Now it was that Antonio opened his heavy travelling-bag. One by one he took out the presents he had brought. Joanna and Malfada quickly put aside their work.

First there was a silver watch for the father,—who had never before in all his life owned a watch.

Next came three silver-link hand-bags, the largest for the mother, the middle sized one for Joanna, the smallest for Malfada.

When Malfada hung the bag from her round wrist and held it forth to look at it, Antonio burst into a hearty laugh and said: "That is just the way I imagined that Malfada would dangle the little bag from her wrist."

Antonio put the present for sleeping Tareja into his mother's hands.

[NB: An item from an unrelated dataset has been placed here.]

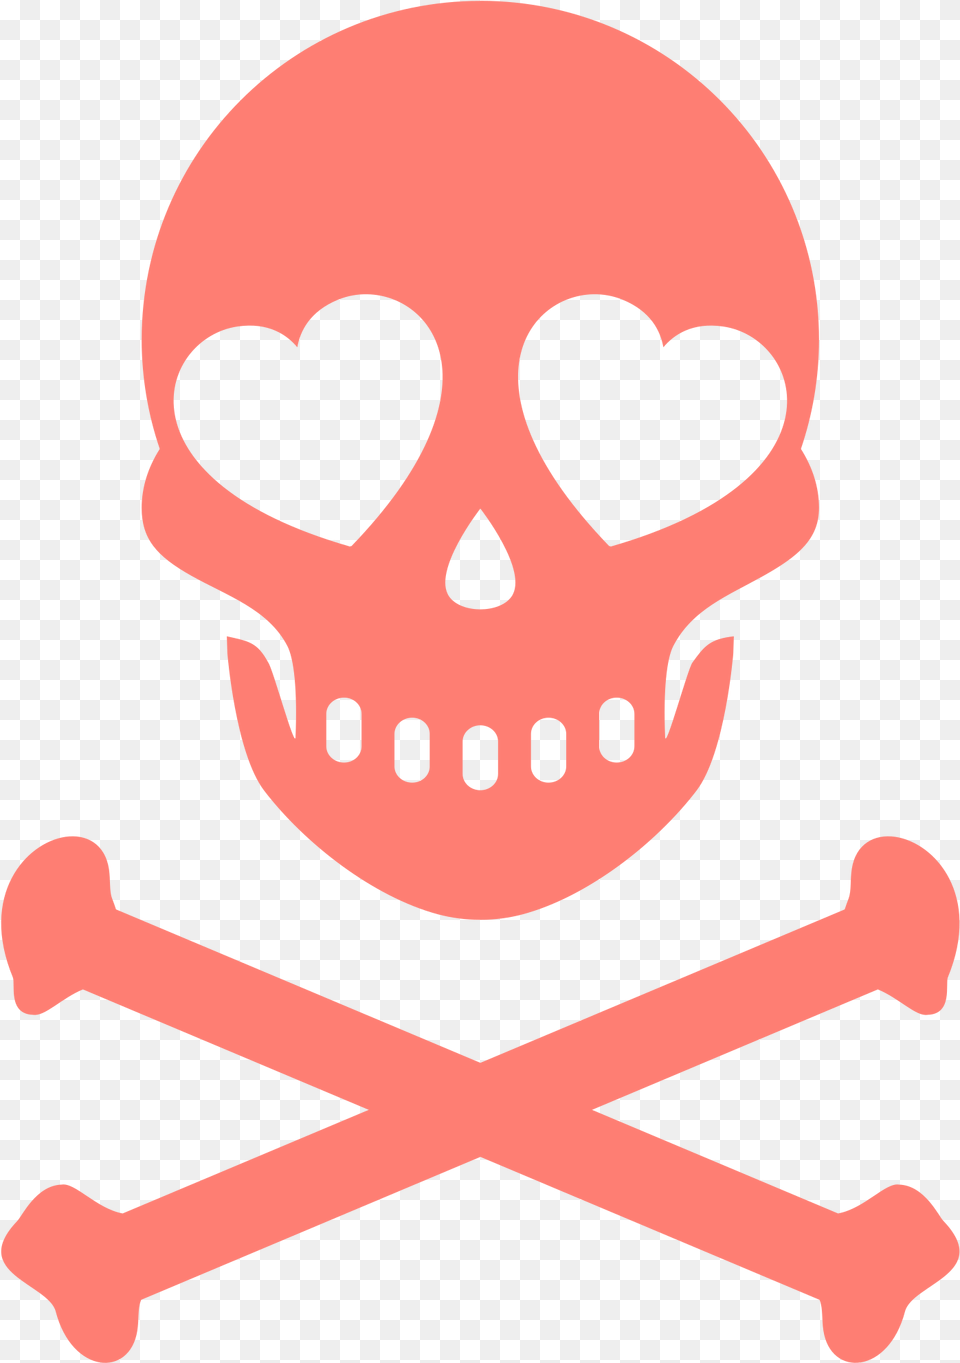 Skull And Bones Skull And Crossbones Human Skull Symbolism Percy Jackson Books Symbols, Baby, Face, Head, Mortar Shell Free Png Download

It was a wonderful American doll with yellow hair and with eyes which would shut and open, and it was dressed all in white, just as Joanna had sometimes, on rare visits to Guimarães, seen foreign children dressed.

Then how gleefully they all laughed at the next present which Antonio brought out! It was for the house,—a china salt-cellar, red and round like a tomato.

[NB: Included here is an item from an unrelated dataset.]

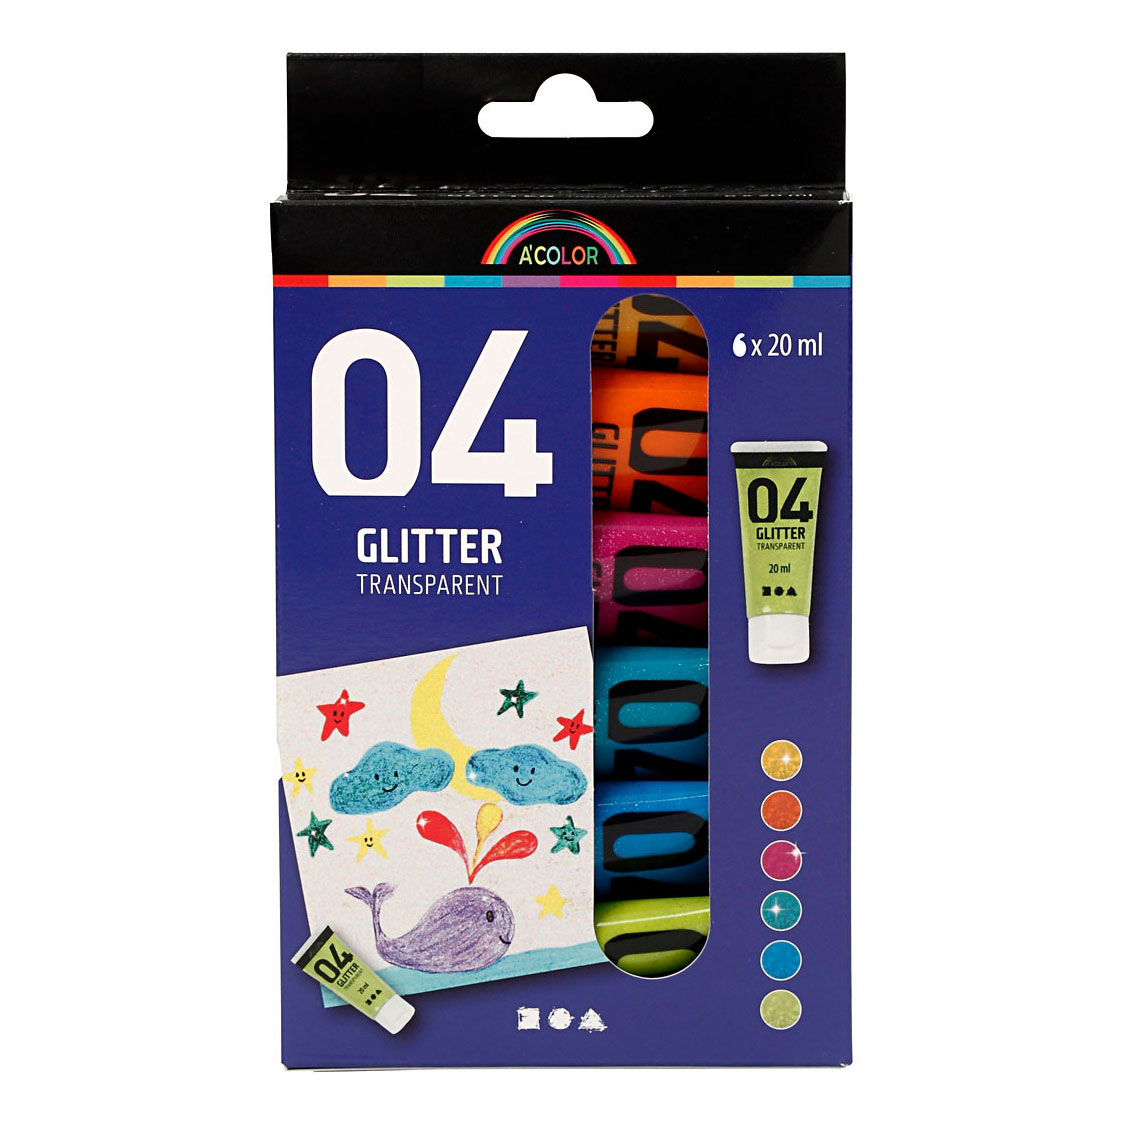 Kinder Acrylverf Glitter Kleur, 6x20ml

"We must put it in the cabinet. It is too fine to use except on holidays and feast-days," said the mother.

Jose's present was the last to appear. Now it was the little boy's turn to receive a paper-covered package, tied with pink string.

Jose's short fingers trembled in impatience as he untied the string,—careful, even in his haste, not to break it, for a piece of string was very precious to the boy.

Off came the paper and out came a square white box. Off came the box-cover and out came an engine and four gaily painted cars,—such a wonderful toy as Jose had never seen before.